A hotwatch gives the DOJ the ability to look into not only your credit cards, but your calling card and cell phone account transactions. Rent a car? Take a flight? Have a Sam's Club membership? All of these things can be monitored by government agents without you ever learning about it.
One argument against panic is that these hotwatch orders will only go out against criminals. People the DOJ needs to monitor. But one look at the FBI's use of national security letters makes that difficult to believe. These 'letters' are basically self-authorized subpoenas that allow the Bureau to monitor persons of interest without a court order.
Between 2003 and 2006, the FBI issued some 200,000 national security letters. A Justice Department Inspector General audit found that this was an abuse of authority. A staggering 60% of FBI NSLs did not meet the standards of the statute. Another 22% may have been in violation for improper requests.

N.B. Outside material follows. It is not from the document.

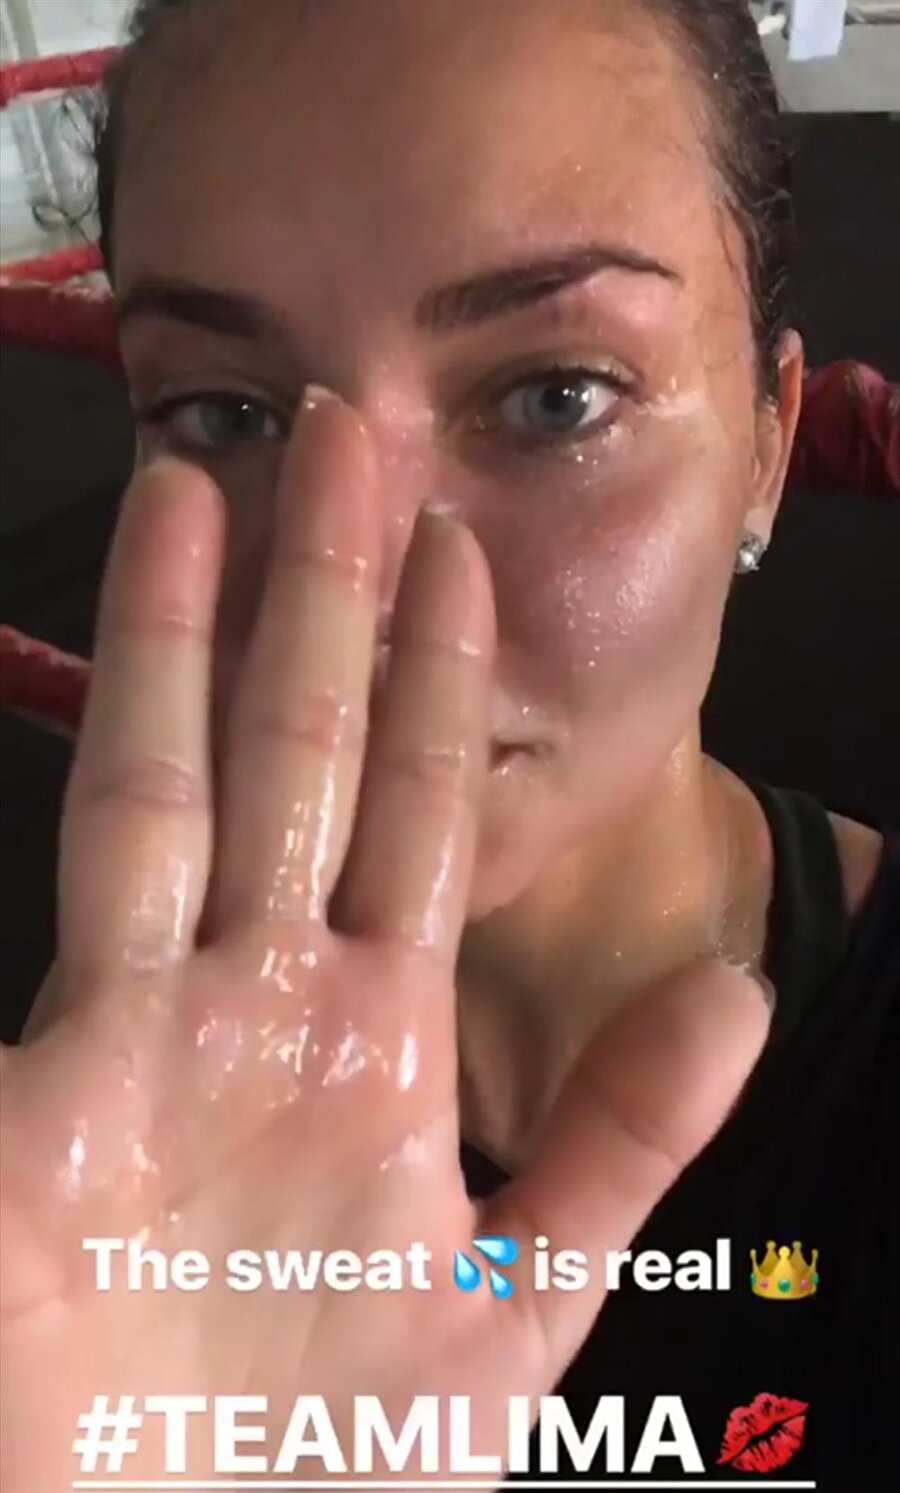 Formunu korumak için boks yapan Lima, spordan sonra yüzündeki teri silerek takipçilerine gösterdi ve bu halini Instagram hikayesinde paylaşırken ‘‘The sweat is real.(Gerçek ter)’’ notunu düştü.
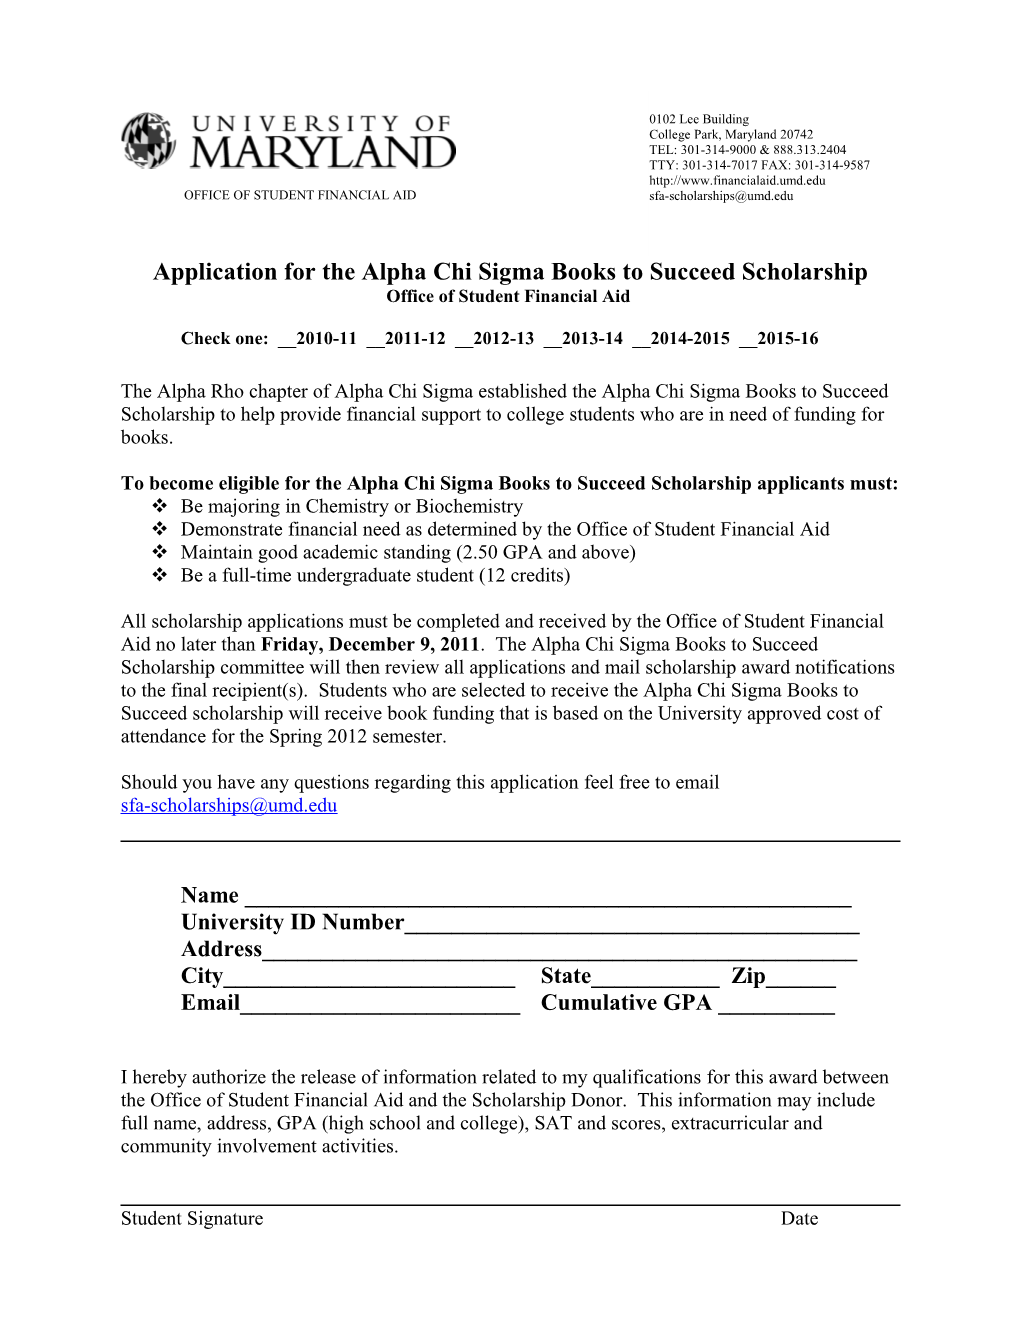 Application for the Mary Ann Granger-Alderson Memorial Scholarship

In 2007 the number of NSLs dropped precipitously, but they've been creeping up again over the last few years. Recently, the Obama Administration added "electronic communication transactional records" to the list of items an NSL may be used to monitor.
But at least we know how many NSLs the FBI sends out (even though the DOJ gets onto them for messing up the count every now and then). That isn't the case with hotwatching. We have no information and no way to get information on how prevalent it is or who is being monitored. Agencies have to disclose their wiretapping to Congress, but not their card-tapping.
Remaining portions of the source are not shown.